Objectives: We assessed kidney function in long-term lithium-treated bipolar patients compared with age-matched patients not taking lithium, including novel markers of kidney injury such as plasma neutrophil gelatinase-associated lipocalin (NGAL) and urinary beta-2 microglobulin (β2-MG) METHODS: The study comprised 120 patients with bipolar disorder of which 90 (30 males and 60 females) have been receiving lithium for 5-38 (mean 16) years, and 30 (10 males and 20 females) have never been exposed to lithium.

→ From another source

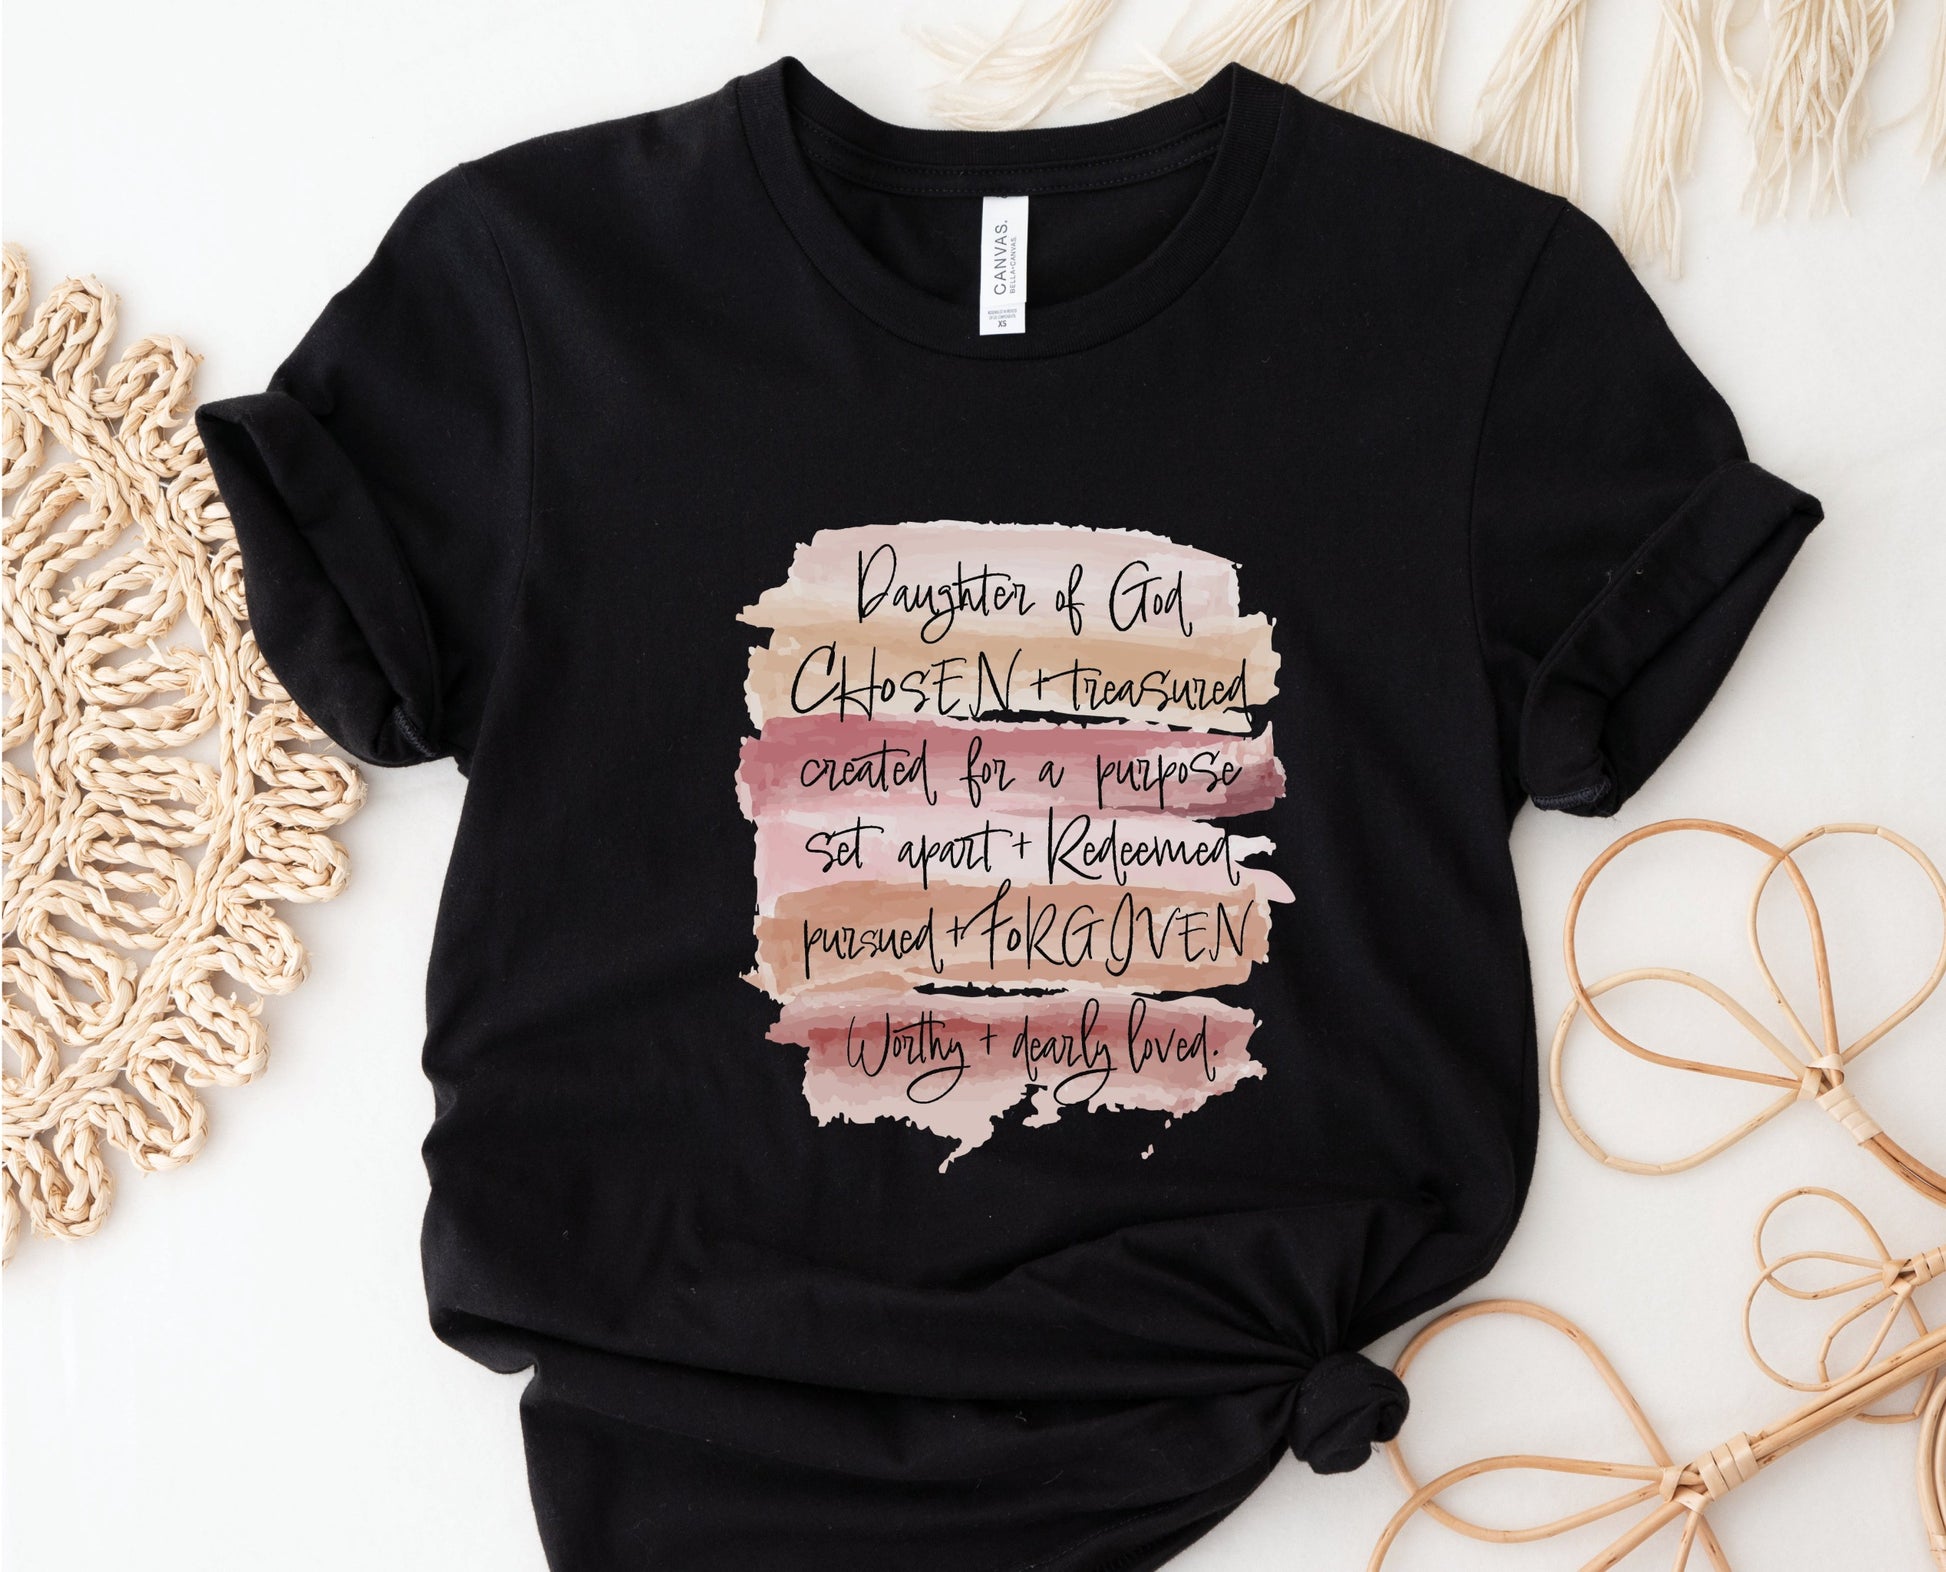 Daughter of God, Chosen, created for a purpose, redeemed, forgiven, worthy, loved, Christian woman aesthetic with neutral colors watercolor splash background printed on soft black unisex t-shirt for women

Results: Lithium-treated patients, both men and women, showed significantly higher plasma NGAL and urinary β2-MG and lower urine specific gravity and estimated glomerular filtration rate (eGFR), compared with patients not taking lithium. In these patients, serum NGAL did not correlate with any clinical feature or other parameter of kidney function. Urinary β2-MG correlated with serum creatinine and eGFR in the whole group of lithium-treated patients and in addition, in males, with duration of illness, duration of lithium treatment, and urine specific gravity.

Conclusions: Lithium treatment causes an impairment of kidney function reflected also by abnormal levels of novel markers of kidney injury. Of these, urinary β2-MG, as a marker of tubular function seems to be better predictor than serum NGAL in lithium-treated patients because it shows multiple clinical and biochemical correlations, especially in men.